- PROBLEM STATEMENT
Output each line of the data below exactly, omitting any image.

- INFORMATION SHOWN
+===+

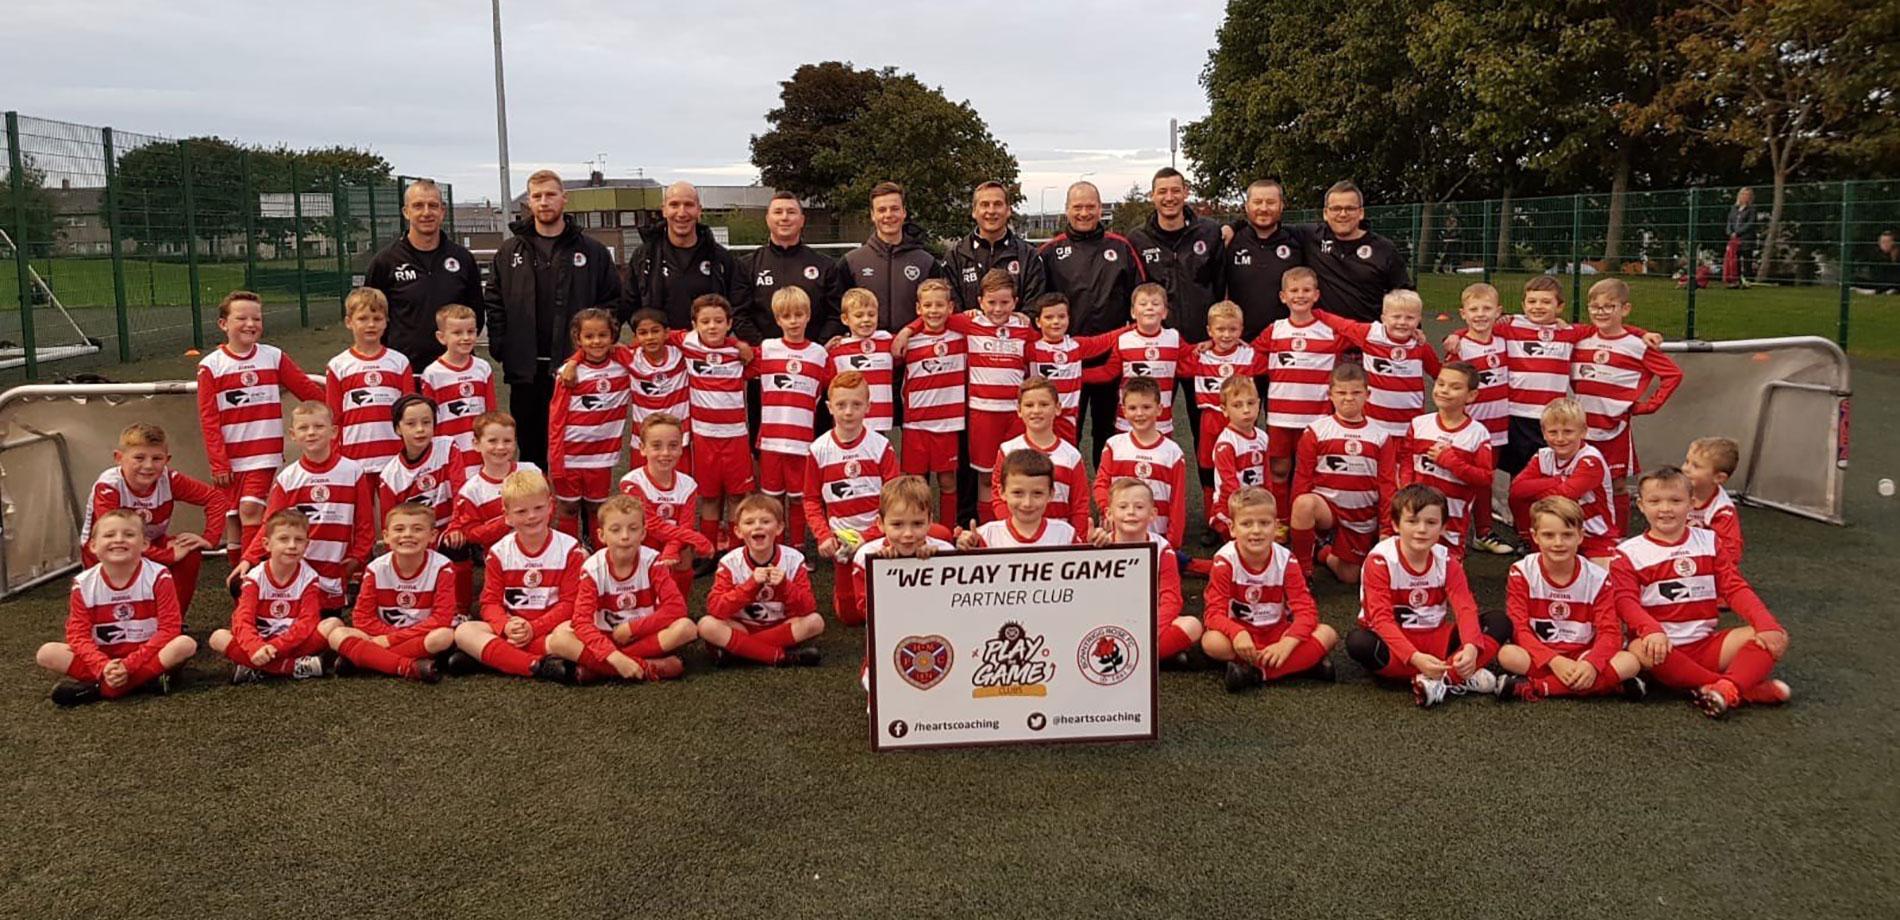 Bonnyrigg Rose Community Football Club
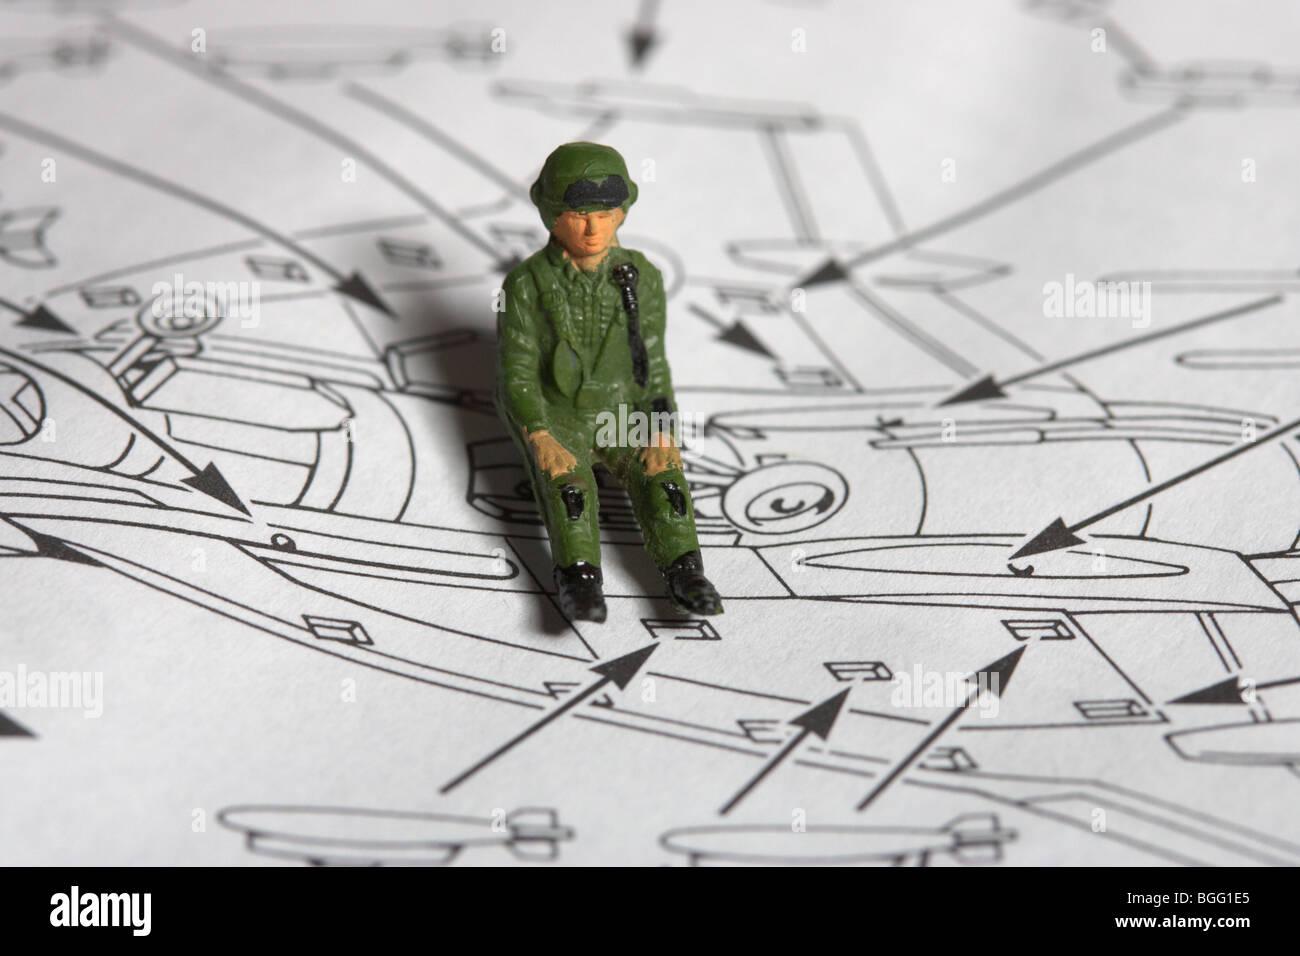 Toy piano approssimativamente verniciato seduta pilota sul kit di costruzione con le istruzioni Immagini Stock
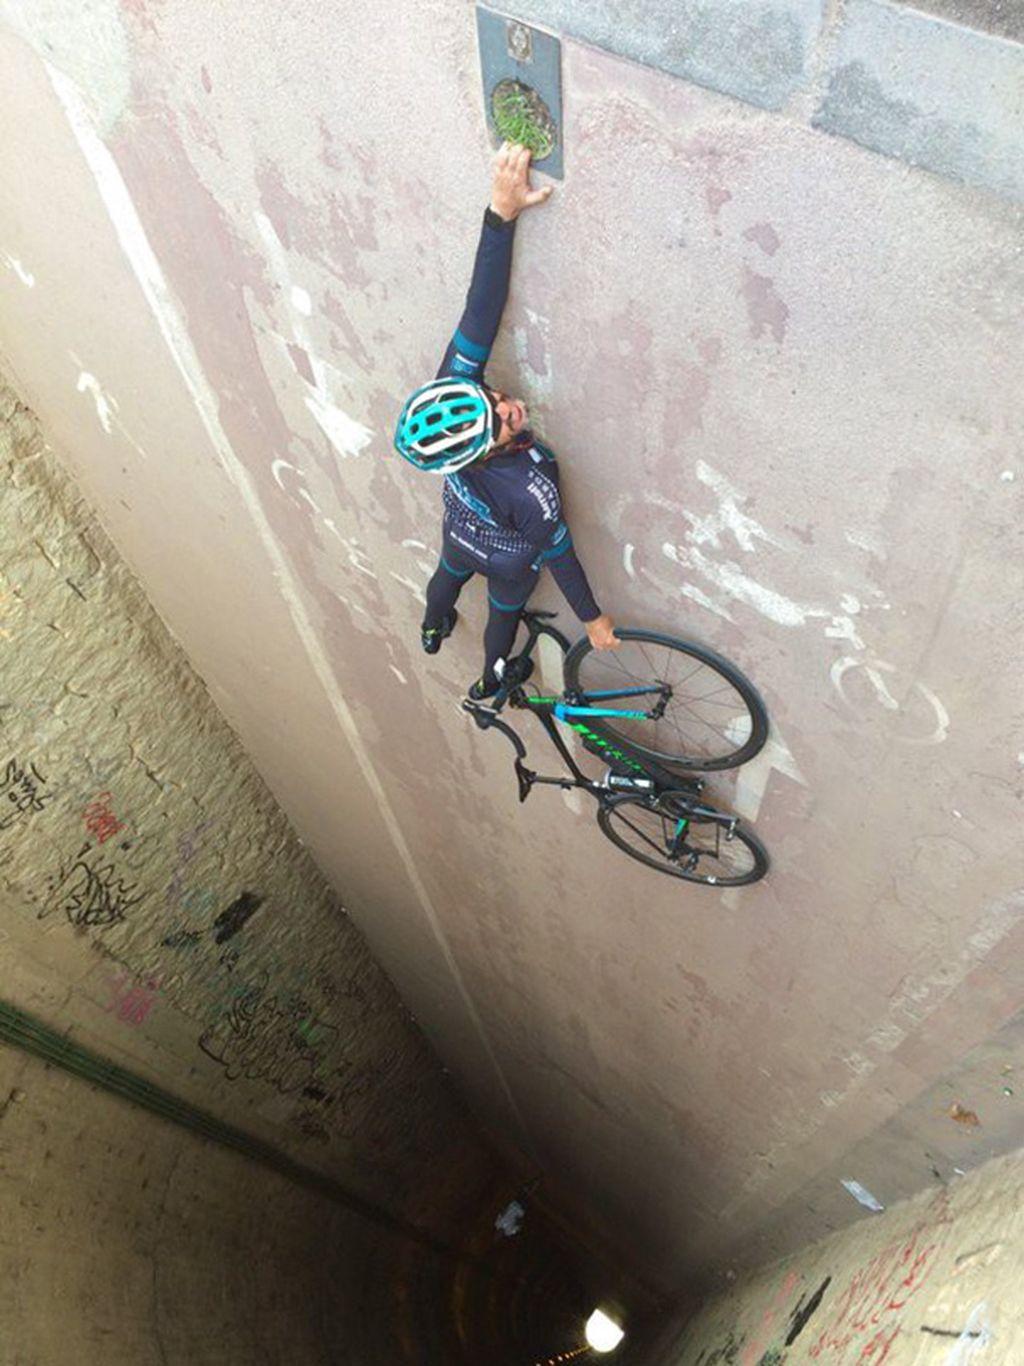 Pesepeda yang terlihat dalam bahaya. Padahal ia hanya tengkurap di jalan. Foto: boredpanda
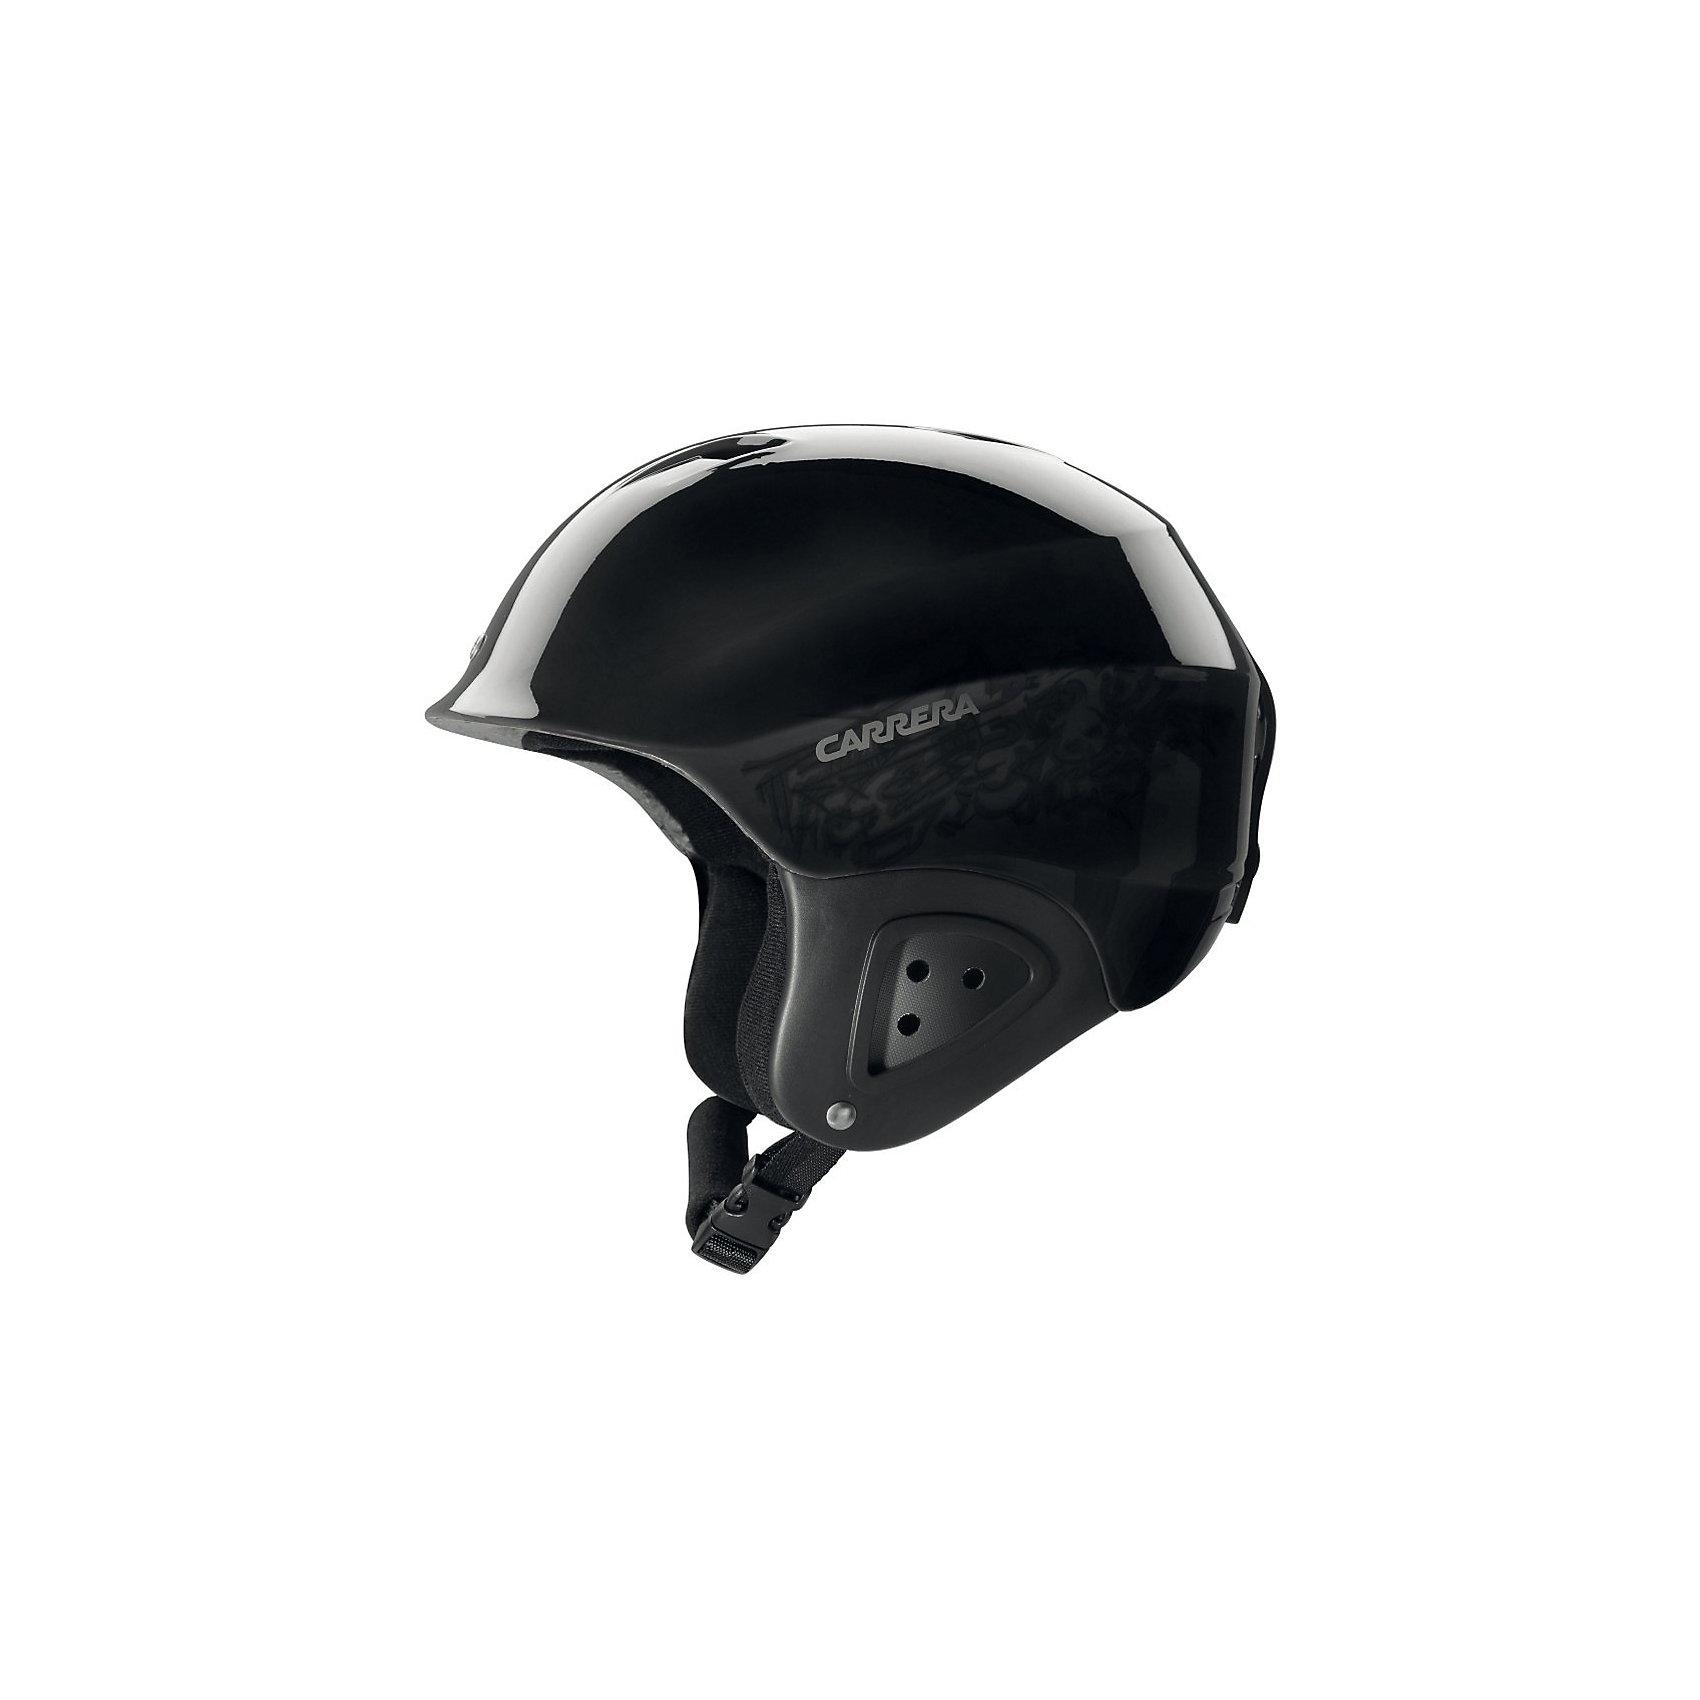 CARRERA Детский лыжный шлемИдеальная защита для маленьких любителей зимних видов спортаю Очень легкий детский шлем, изготовленный по новейшим технологиям, оптимально защищает детей.<br><br>Детали:<br><br>- легкий шлем для детей и подростков<br>- отверстия для лучшей циркуляции воздуха<br>- технология In-Moulding<br>- держатель для лыжных очков<br>- подкладка Dry Wave<br>- с системой AFS<br><br>Система AFS:<br>благодаря специальной анатомической защитной системе, которая находится в задней части шлема, этот шлем можно регулировать по диаметру головы, чтобы добиться хорошей посадки и максимального комфорта. Эта система находится внутри для того, чтобы гарантировать максимальную безопасность, при этом не ограничивая движение шеи.<br><br>Ширина мм: 235<br>Глубина мм: 235<br>Высота мм: 240<br>Вес г: 350<br>Цвет: черный<br>Возраст от месяцев: 36<br>Возраст до месяцев: 1200<br>Пол: Унисекс<br>Возраст: Детский<br>Размер: 49-52<br>SKU: 2269583

+===+

- RESULT BELOW
 Bonnyrigg Rose Community Football Club
 Toy piano approssimativamente verniciato seduta pilota sul kit di costruzione con le istruzioni Immagini Stock
 Pesepeda yang terlihat dalam bahaya. Padahal ia hanya tengkurap di jalan. Foto: boredpanda
 CARRERA Детский лыжный шлемИдеальная защита для маленьких любителей зимних видов спортаю Очень легкий детский шлем, изготовленный по новейшим технологиям, оптимально защищает детей.<br><br>Детали:<br><br>- легкий шлем для детей и подростков<br>- отверстия для лучшей циркуляции воздуха<br>- технология In-Moulding<br>- держатель для лыжных очков<br>- подкладка Dry Wave<br>- с системой AFS<br><br>Система AFS:<br>благодаря специальной анатомической защитной системе, которая находится в задней части шлема, этот шлем можно регулировать по диаметру головы, чтобы добиться хорошей посадки и максимального комфорта. Эта система находится внутри для того, чтобы гарантировать максимальную безопасность, при этом не ограничивая движение шеи.<br><br>Ширина мм: 235<br>Глубина мм: 235<br>Высота мм: 240<br>Вес г: 350<br>Цвет: черный<br>Возраст от месяцев: 36<br>Возраст до месяцев: 1200<br>Пол: Унисекс<br>Возраст: Детский<br>Размер: 49-52<br>SKU: 2269583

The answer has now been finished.